Промозглый, сырой воздух пронизывал до костей. Пока в своем демисезонном пальто стоял у остановки и дожидался конки, Мишенев основательно промок, а теперь еще и продрог. Как раз врачи предостерегали его от простуды. При ослабленных легких, он и сам знал, можно окончательно подорвать здоровье. «Семь бед — один ответ», — храбрился сейчас он.
Как и прошлым летом, Герасим решил остановиться у Пятибратова. На конке с брякающим над головой вагоновожатого колоколом он по Московской улице добрался до Большой Сергиевской, где жил Яков Степанович. Заехать к нему сейчас куда сподручнее, чем являться к Барамзину или Голубевой. Сначала надо разузнать все у приятеля, выяснить обстановку.
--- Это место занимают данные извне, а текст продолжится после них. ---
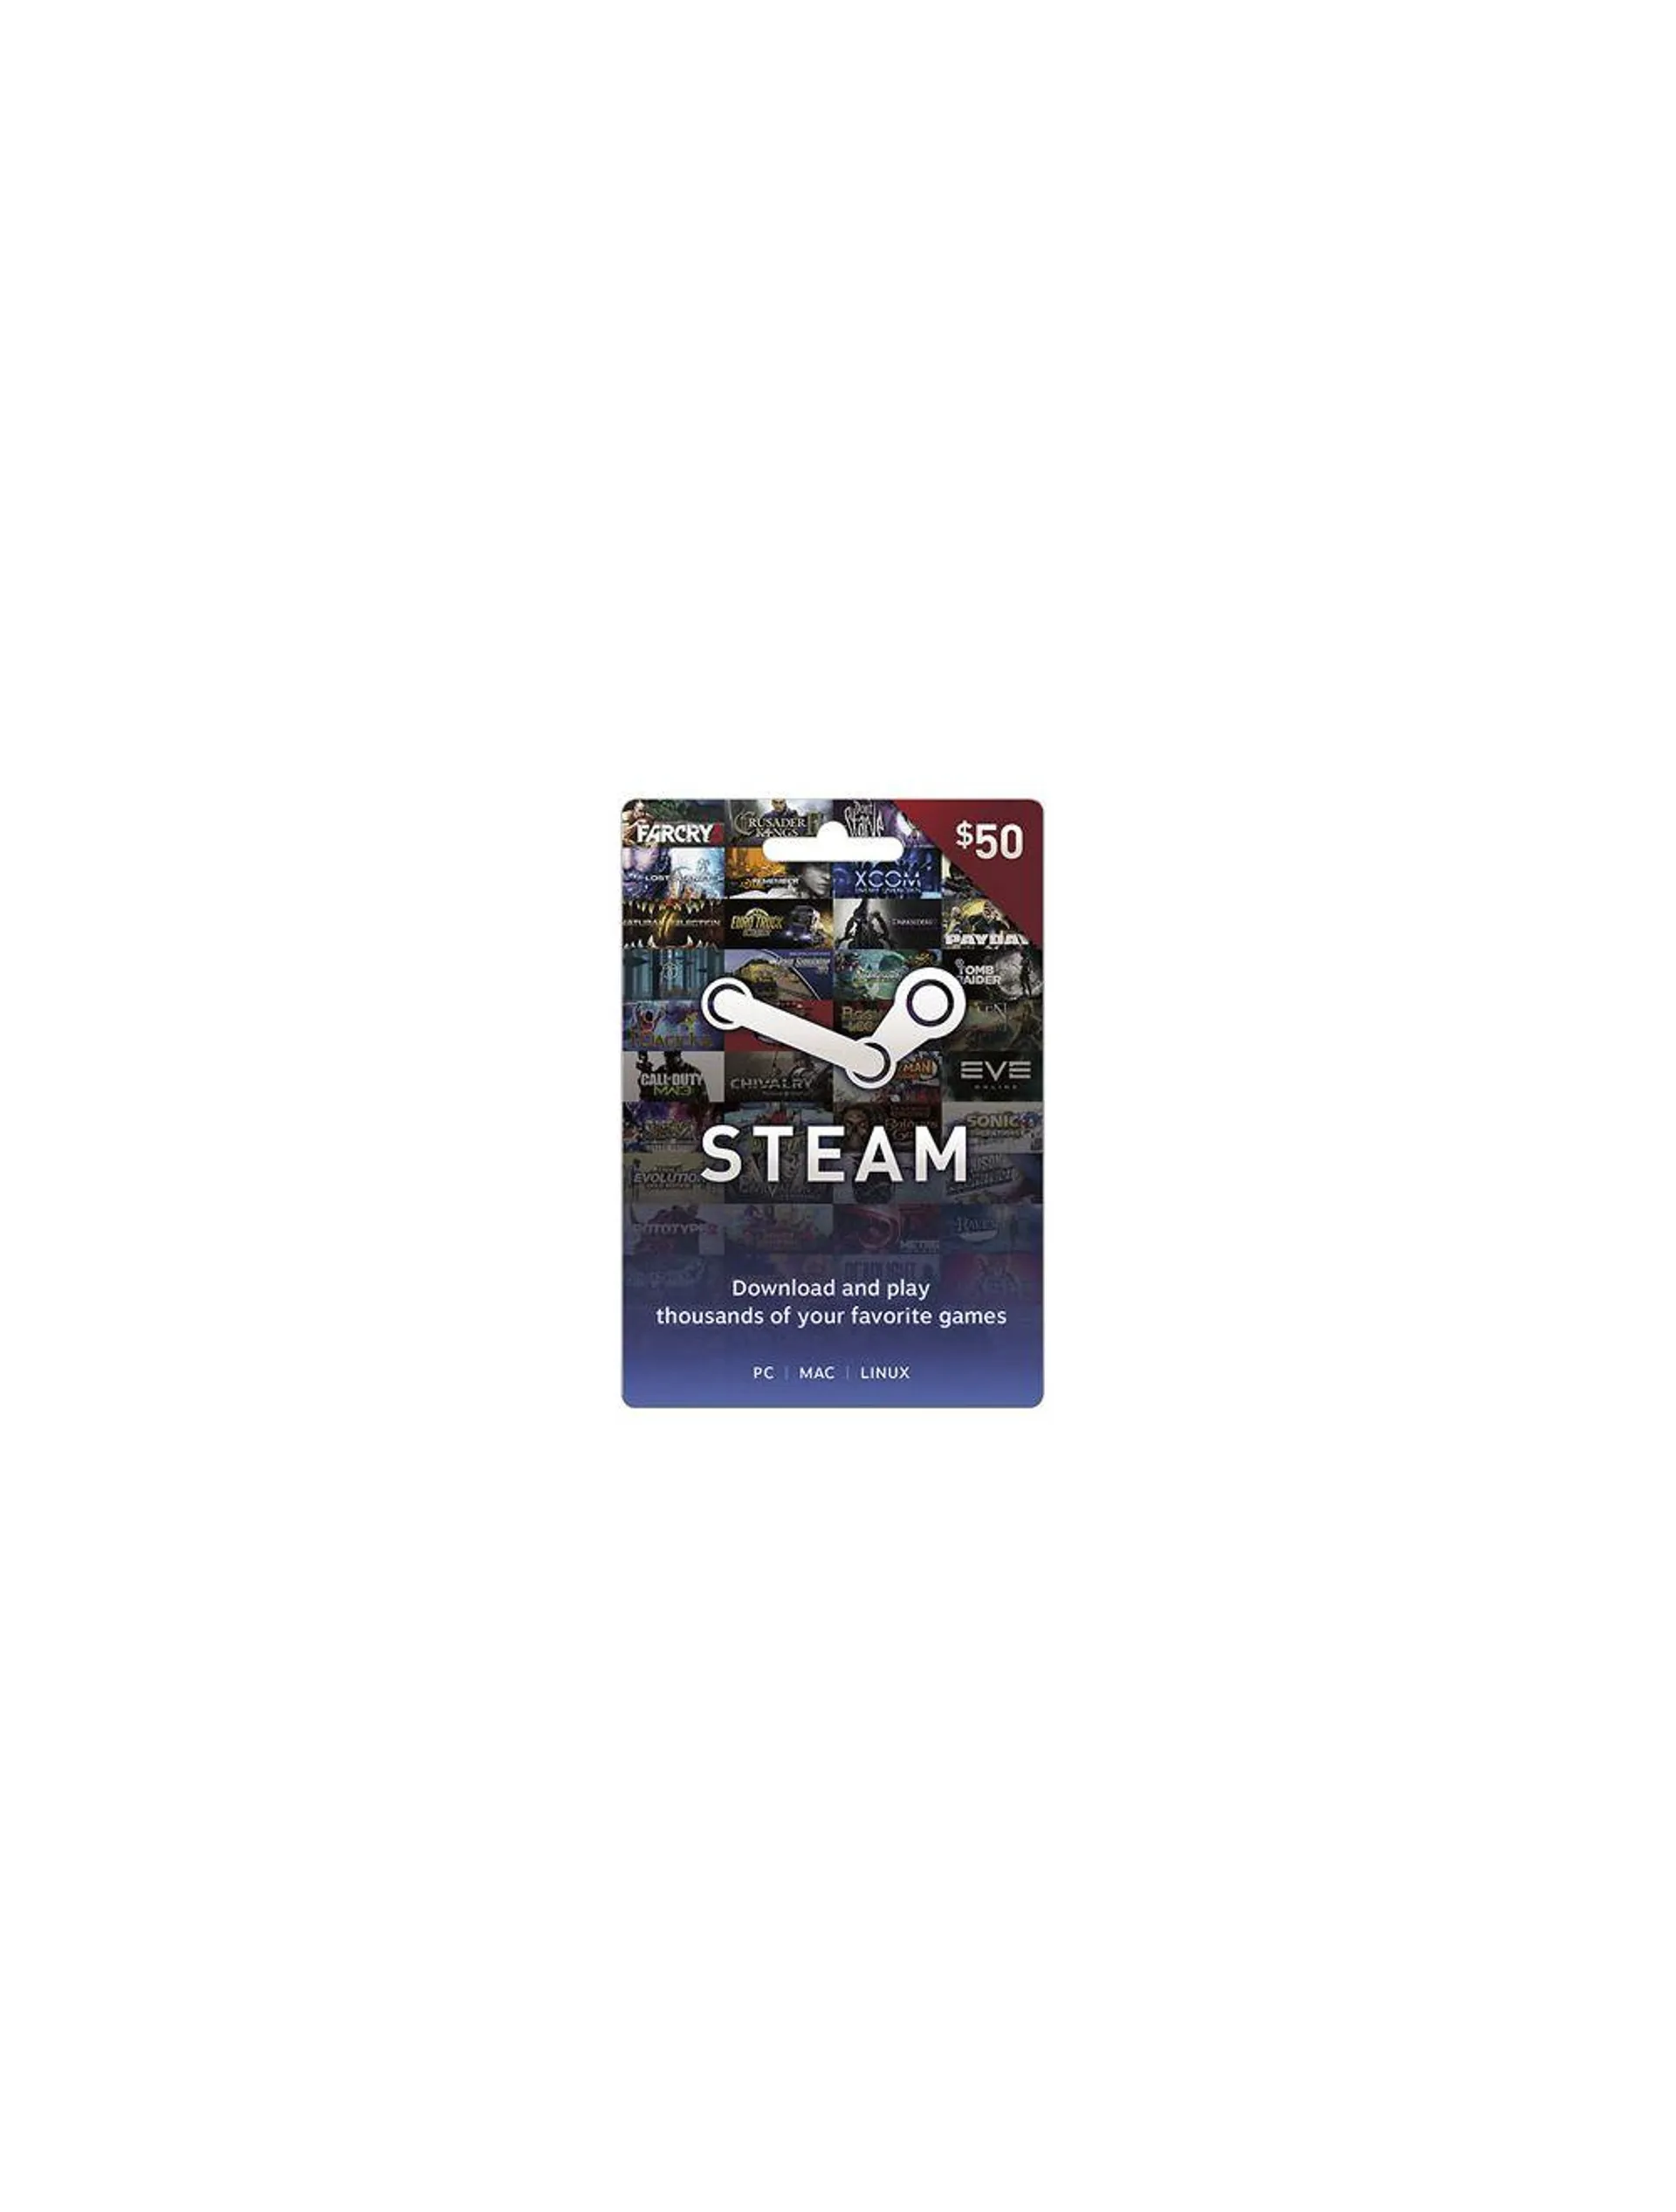 Tarjeta Steam Wallet Code US$50

Пятибратов в доме № 48 содержал небольшую столовую для учениц фельдшерской школы, в которой занималась Саша — жена Якова Степановича. Доходы были не ахти какие, давали лишь необходимые средства на жизнь, но зато содержание столовой позволяло Якову Степановичу встречаться с нужными людьми. Столовую, кроме учениц, посещали приказчики, рабочие мельниц и даже Волжского сталелитейного завода.
Появлению Мишенева Пятибратов был рад, обнял приятеля, оживился:
— Каким ветром занесло в такую непогодь?
— Попутным, крепким! — отозвался Герасим, поеживаясь.
— Да ты промок, как курица! Айда ко мне.
Пятибратов занимал в доме квартиру из двух комнат с окнами, выходившими на неприглядный двор, заваленный ящиками, пустыми бочонками из-под капусты и огурцов. В жарко натопленных комнатах было уютно и хорошо. Небогатая обстановка с обеденным столом посередине, застланным голландской скатертью, жесткой от крахмала, с занавесками на окнах, с цветами на подоконниках, стульями в чехлах, с дешевенькими картинами и комодом, заставленным безделушками, — все было как будто к месту и располагало к отдыху и дружеской беседе.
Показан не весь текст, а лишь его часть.